**** SOURCE INFORMATION

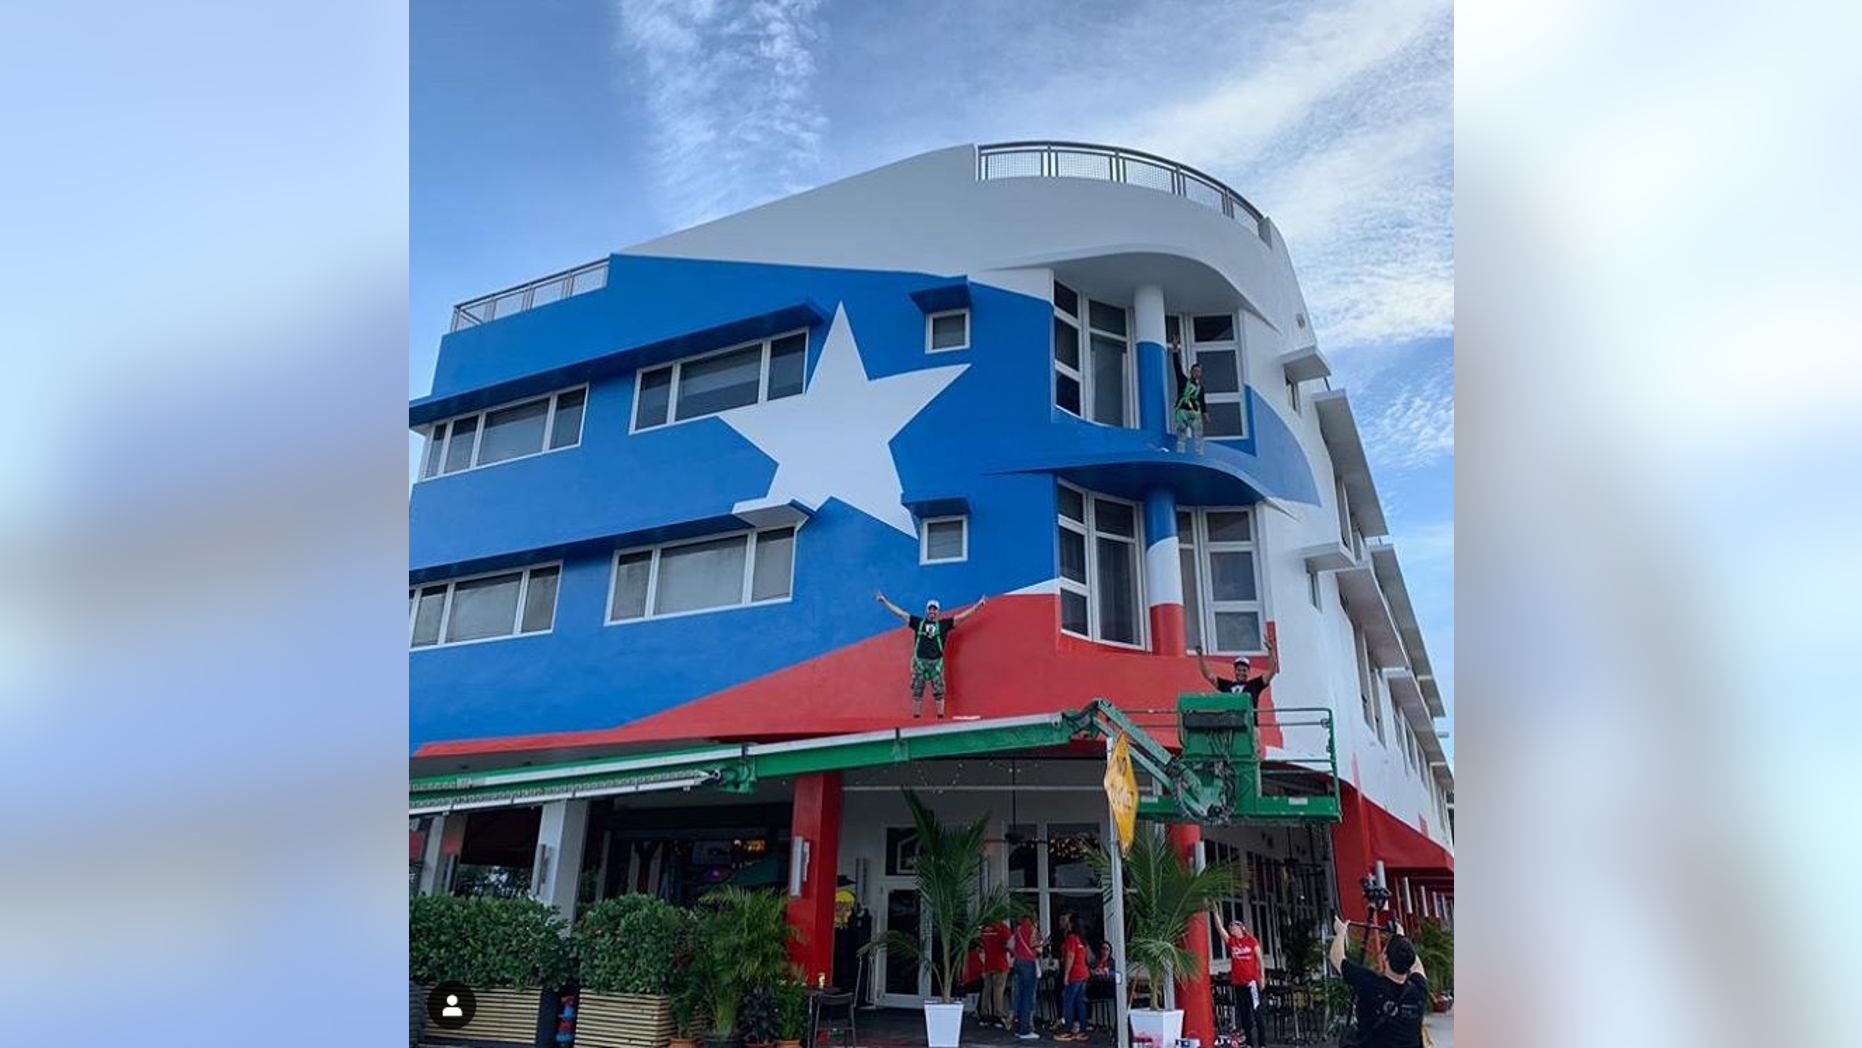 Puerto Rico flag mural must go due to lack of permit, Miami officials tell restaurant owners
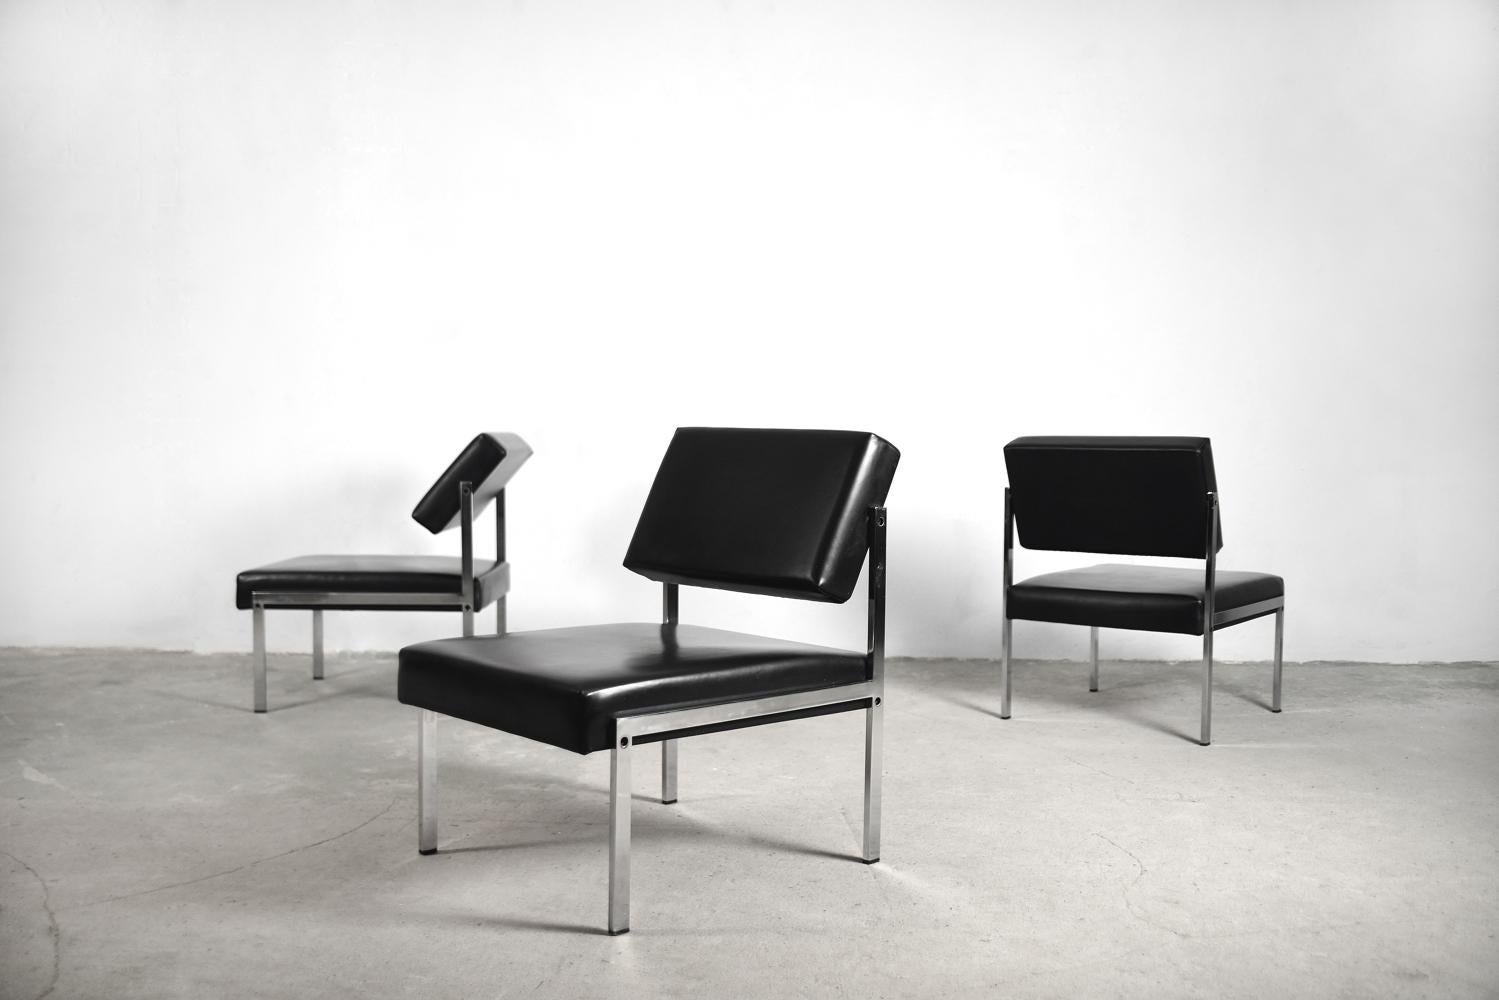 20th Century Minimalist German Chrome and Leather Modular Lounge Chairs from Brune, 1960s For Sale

********
**** SOURCE INFORMATION

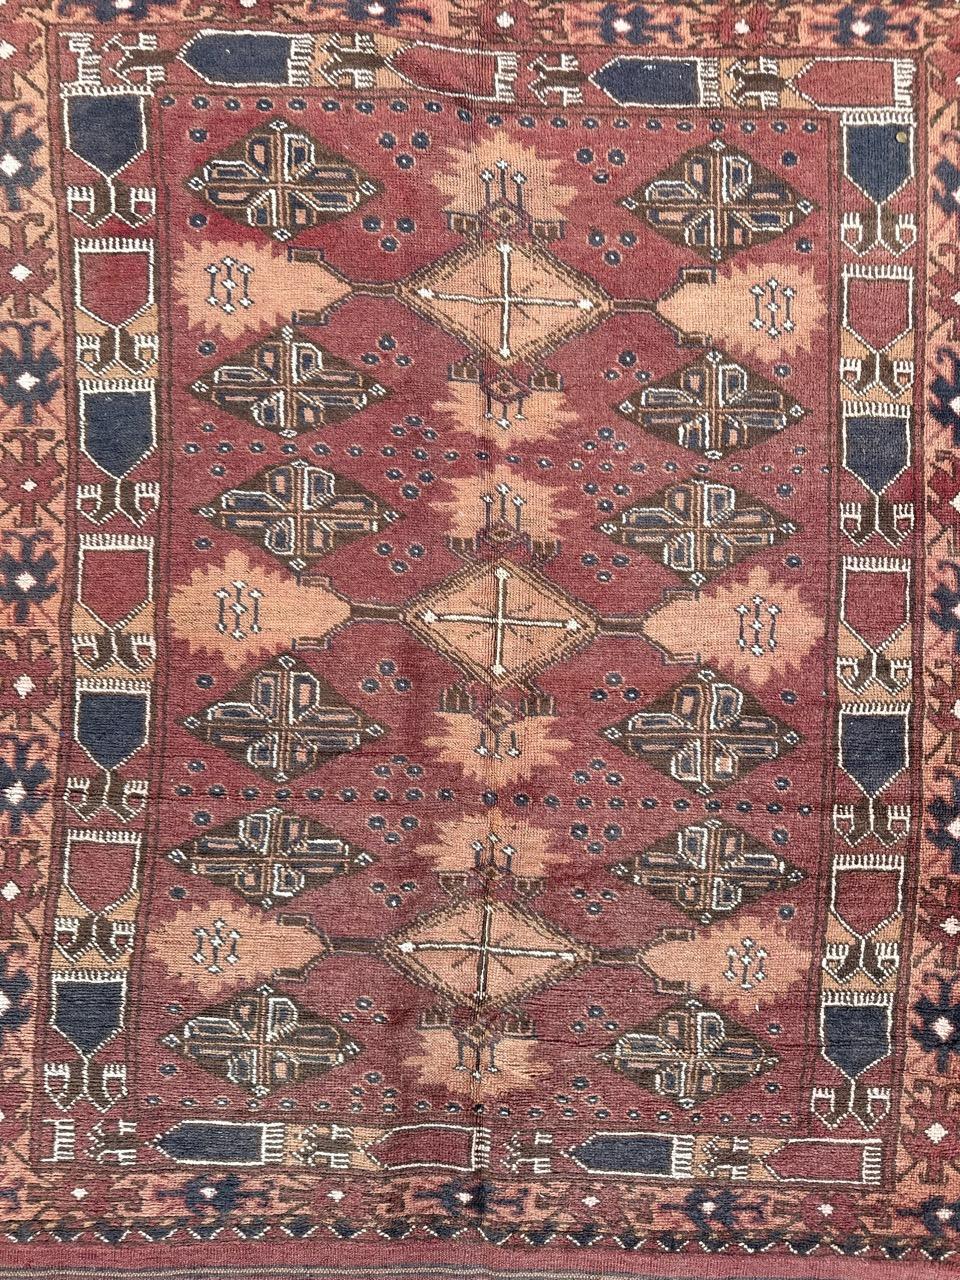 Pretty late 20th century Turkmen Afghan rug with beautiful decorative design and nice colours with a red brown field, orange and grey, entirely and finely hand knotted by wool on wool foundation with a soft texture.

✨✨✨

********

- **EXERCISE INSTRUCTIONS**
Using the records above, return word for word the lines that begin at the one containing "Puerto Rico flag" and end at the one containing "20th Century Minimalist", both of them included and no pictures.

- **EXERCISE RESPONSE**
 Puerto Rico flag mural must go due to lack of permit, Miami officials tell restaurant owners
 20th Century Minimalist German Chrome and Leather Modular Lounge Chairs from Brune, 1960s For Sale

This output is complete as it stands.